U.S. and Mexico trade representatives have reached a consensus on revamping the historic North American Free Trade Agreement.
That consensus was reached without the participation of Canada, the other NAFTA partner.
Outgoing Mexican President Enrique Pena Nieto has said that he would prefer a trilateral deal, hoping that Canada will eventually return to talks with the U.S. and Mexico.
Meanwhile, Canadian Foreign Minister Chrystia Freeland, after meeting with U.S. Trade Representative Robert Lighthizer, said her office will “stand up for the Canadian national interest and for Canadian values, while looking for areas where we can find a compromise.”
U. S trade representatives are expected to officially notify Congress that an updated agreement between the U.S. and Mexico has been reached.
Once that notification has been made, there will be a 90-day period during which the representatives of both the U.S. and Mexico will be required to officially sign the new deal.
What the new agreement will be called remains unknown.
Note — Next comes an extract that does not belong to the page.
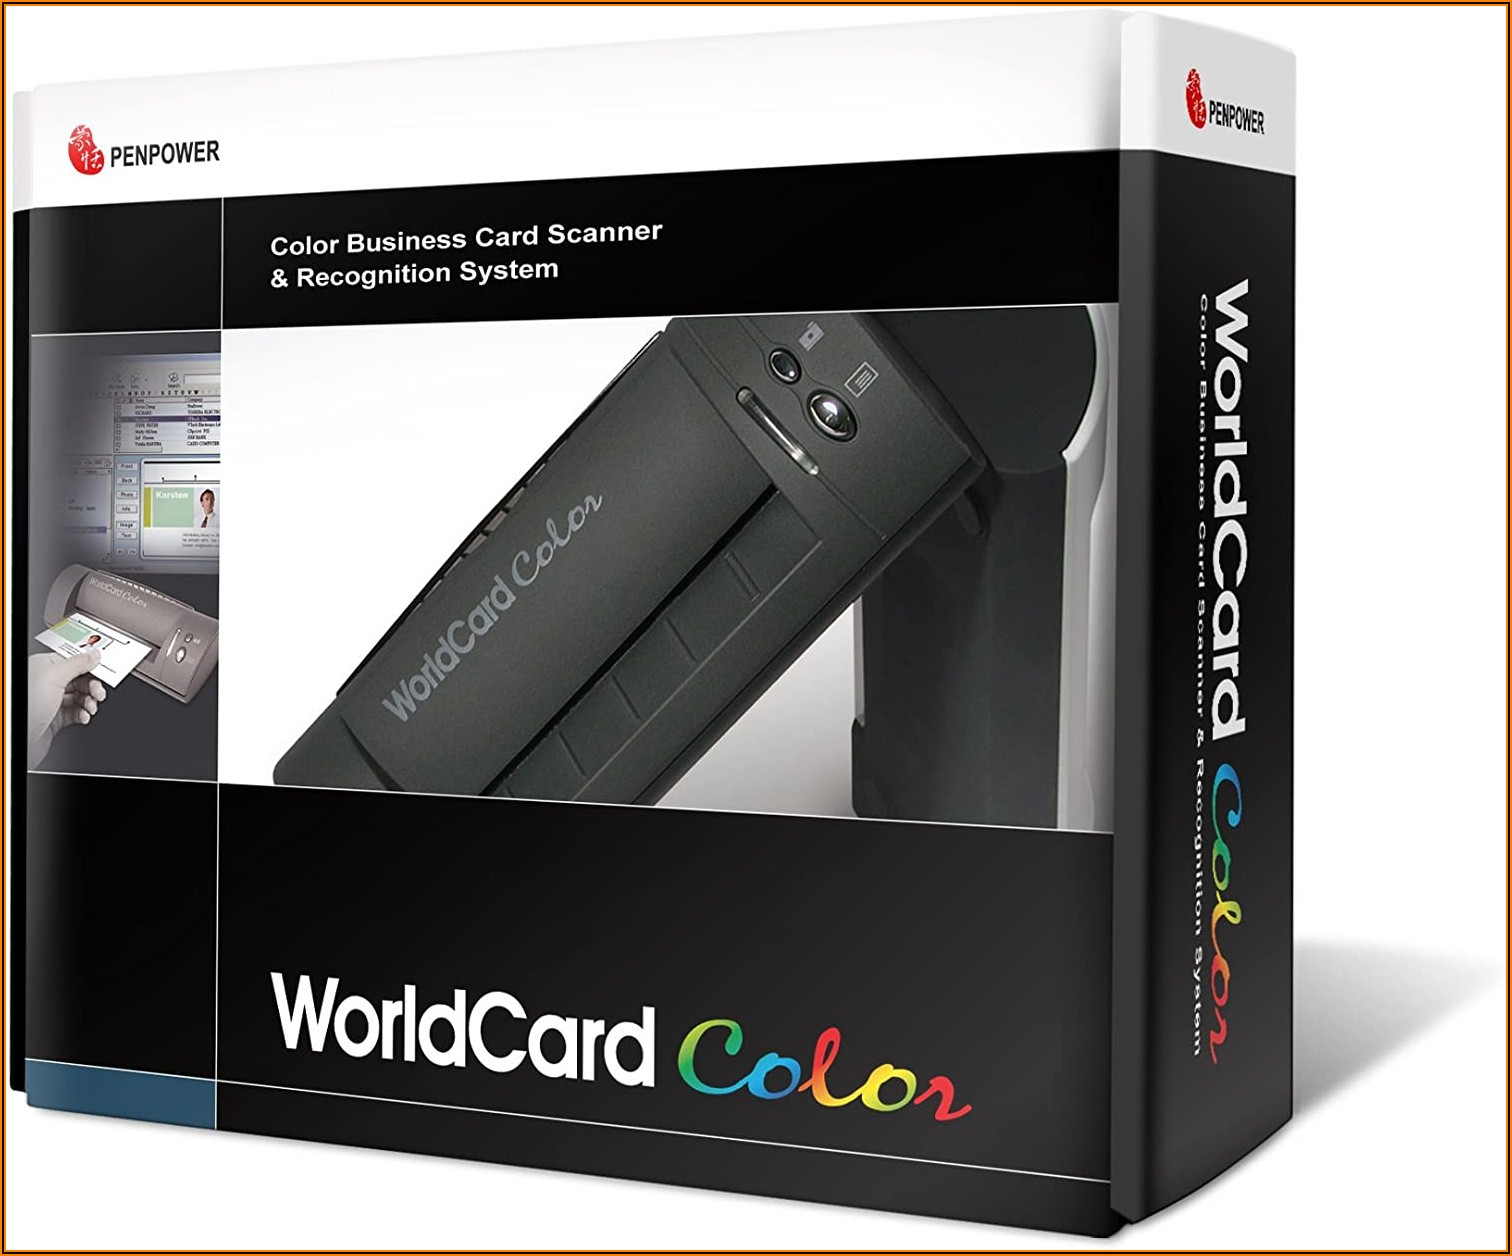 Penpower Worldcard Color Business Card Scanner Manual
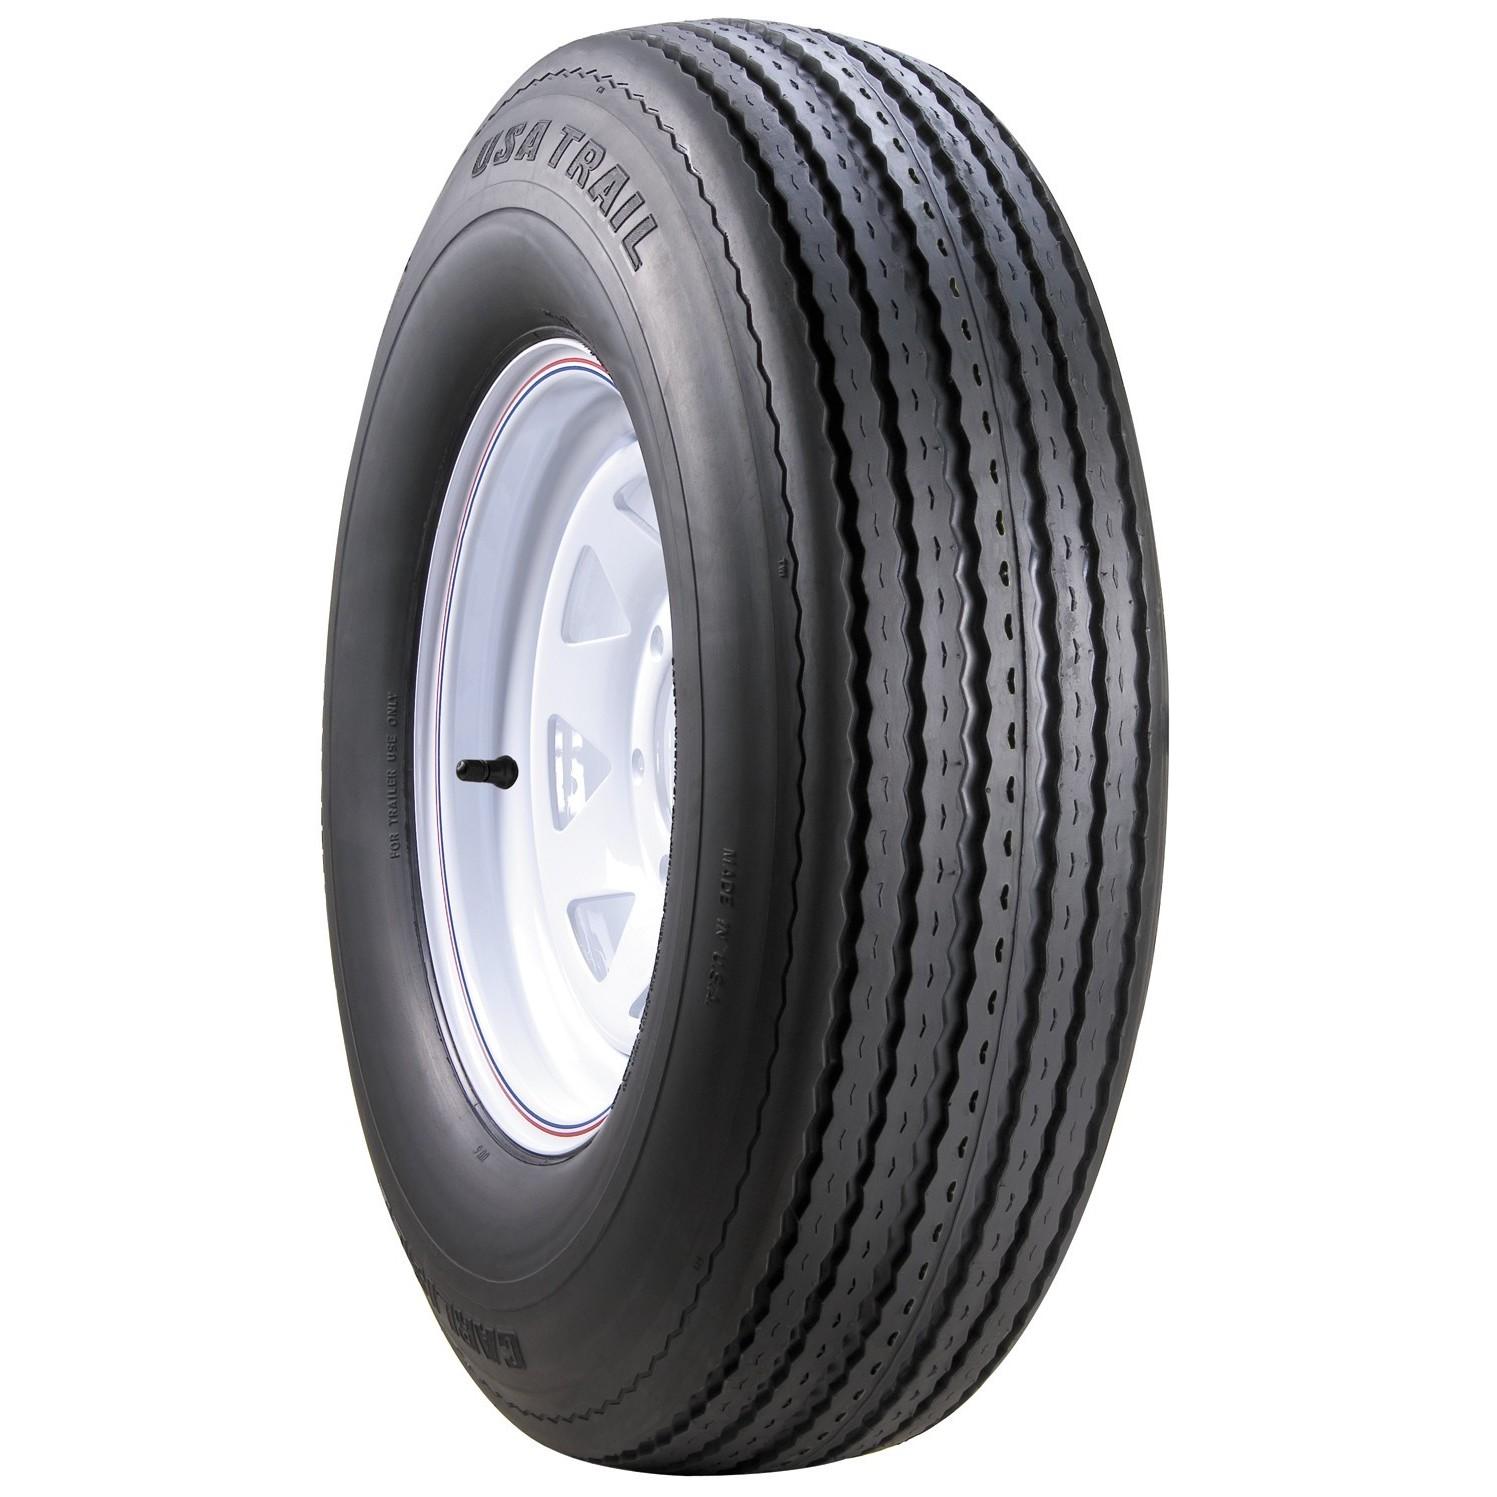 Carlisle USA Trail Bias Trailer Tire - 480-12 LRC/6 ply (...

President Trump, who frequently criticized NAFTA during his 2016 presidential campaign, said the name “NAFTA” would most likely be discarded because it has negative connotations.
The President’s suggested new name: the U.S.-Mexico Trade Agreement.
One aspect of the new agreement is seeing Mexico guaranteeing that automotive content manufacturing will be increased in the U.S. in a move that will spur greater auto production in America.
Since its inception, NAFTA has covered a wide variety of building materials and equipment, with materials from the U.S. going to the other two countries equaling $39 billion in 2017; and imports above the $43 billion mark last year.
The new preliminary trade agreement will not, for the present, do away with the existing U.S. tariffs on Mexican exports of steel and aluminum.
Altogether, at least 80 percent of Mexico’s exports go to the U.S.
The two countries also agreed that the new agreement would be up for review every six years, although the agreement itself has a 16-year life.